2 Statistical processing of hydrological dataset

A dataset is a collection of measurements which is used to create or evaluate assumptions about a population. Within this session, only univariate data are studied.

At the end of the lecture you should be familiar with following concepts:

hydrological year
data screening and cleaning
basic data summation and aggregation
descriptive statistics
visualization of statistical data

2.1 Exploratory Data Analysis (EDA)

EDA is not a strictly formalized set of procedures, rather it is an general approach on how to study, describe, extract, evaluate and report about the data. Hence the workflow is specific to data in process.
When studying data, we will look at certain statistical features, which represent esteemed characteristcs for the whole data set.
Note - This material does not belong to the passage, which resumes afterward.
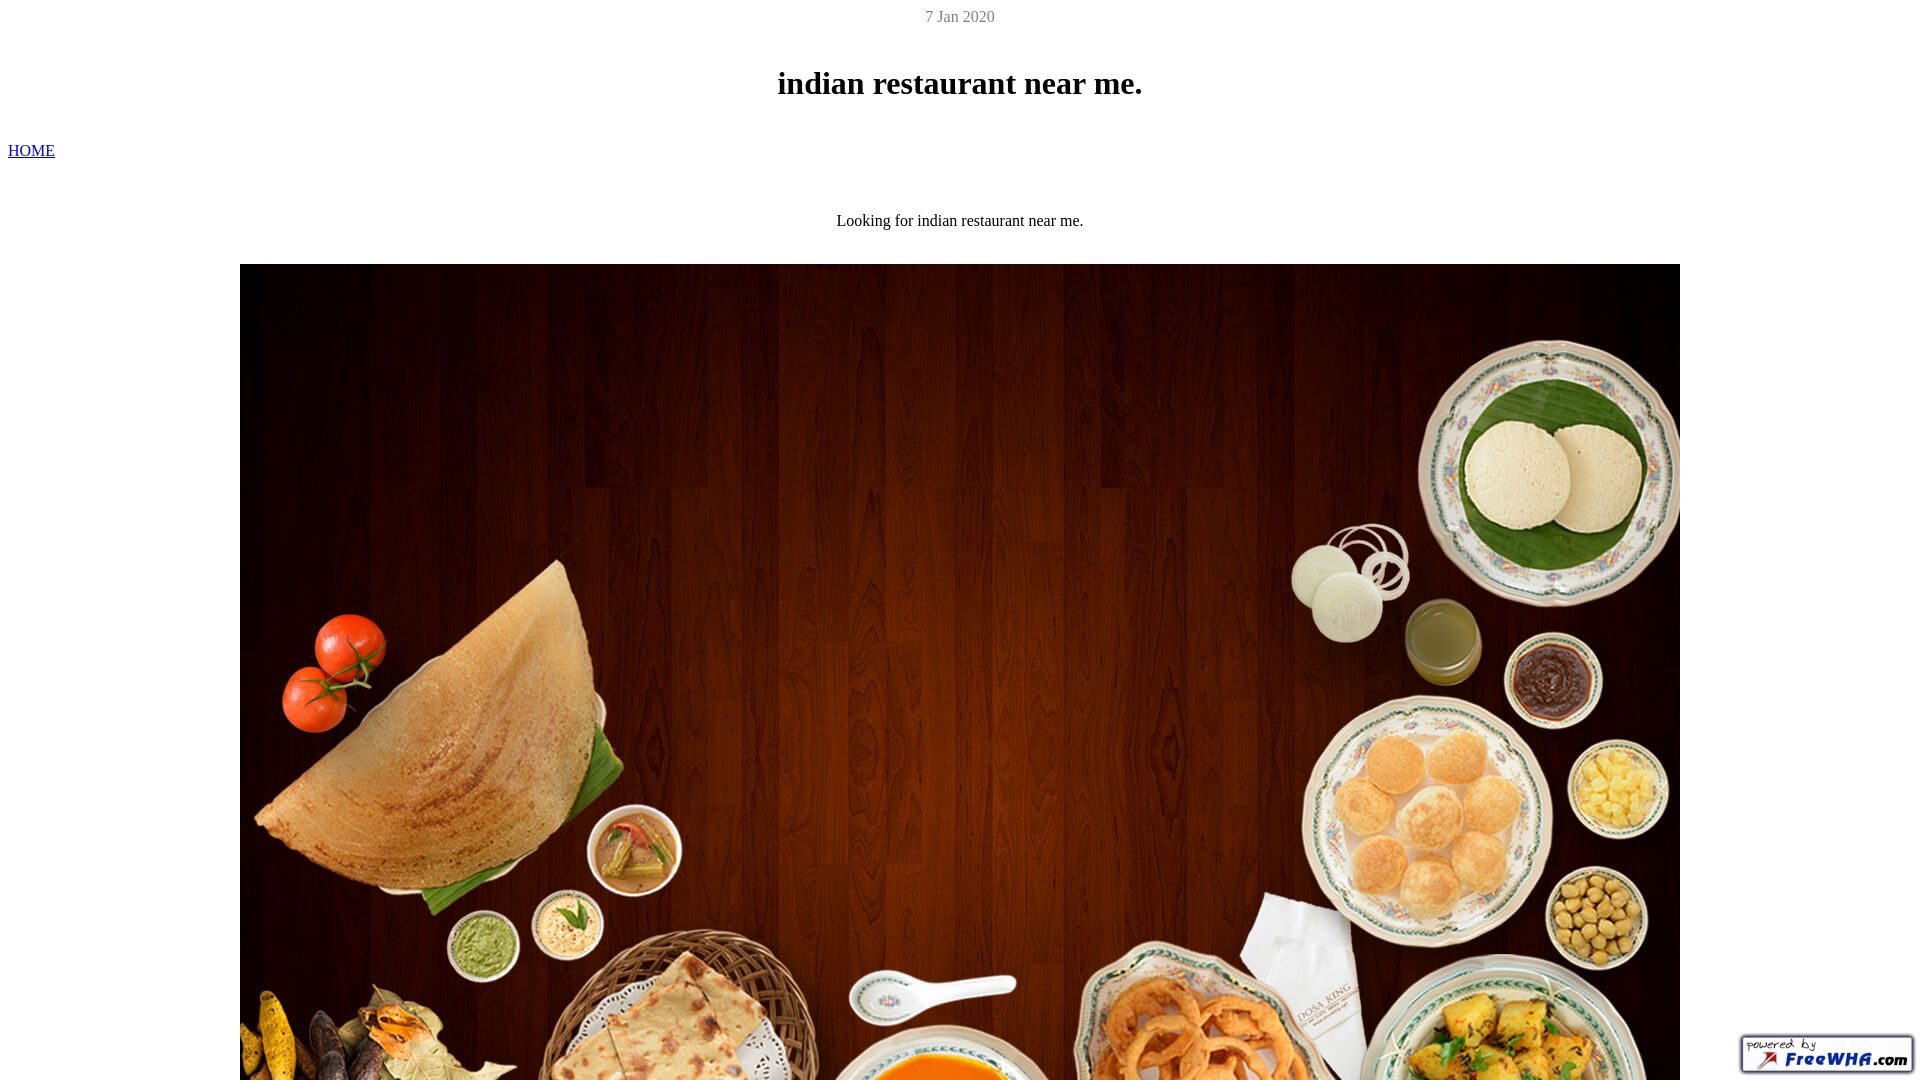 Estado web indianrestaurantnearme.ueuo.com está   ONLINE
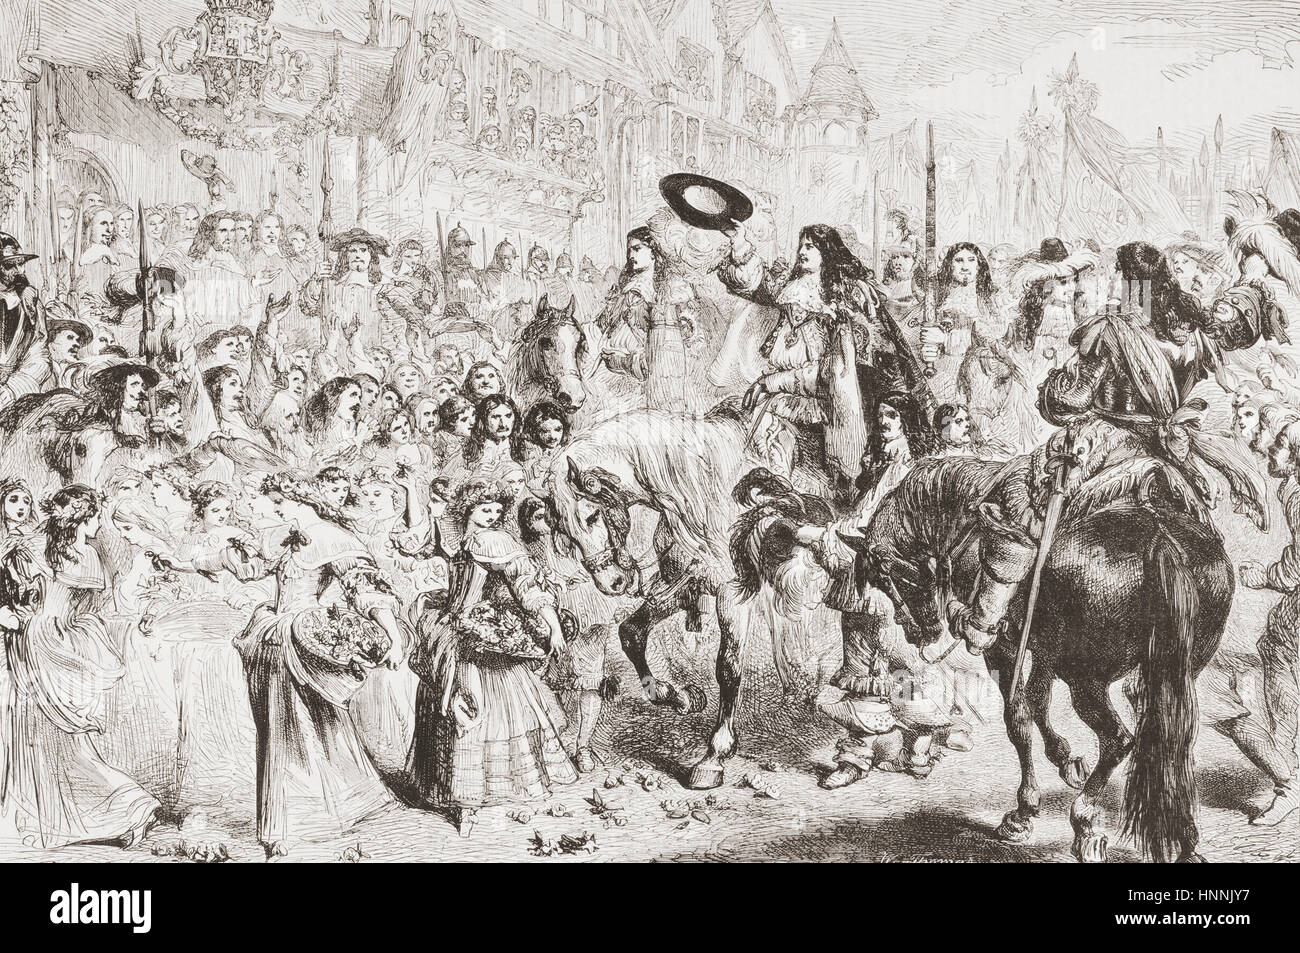 La restaurazione della monarchia nel 1660. Carlo II, 1630 - 1685. Re d'Inghilterra, in Scozia e in Irlanda. Da L'Univers illustre, pubblicato a giugno 1863 Foto Stock

2.1.1 Measures of location

The farthest one can reduce data, while still retaining any information at all is by a single value. They describe a central tendency of the data.

2.1.1.1 Mean

The arithmetic mean (or average) is simply the sum of observations devided by the number of observations.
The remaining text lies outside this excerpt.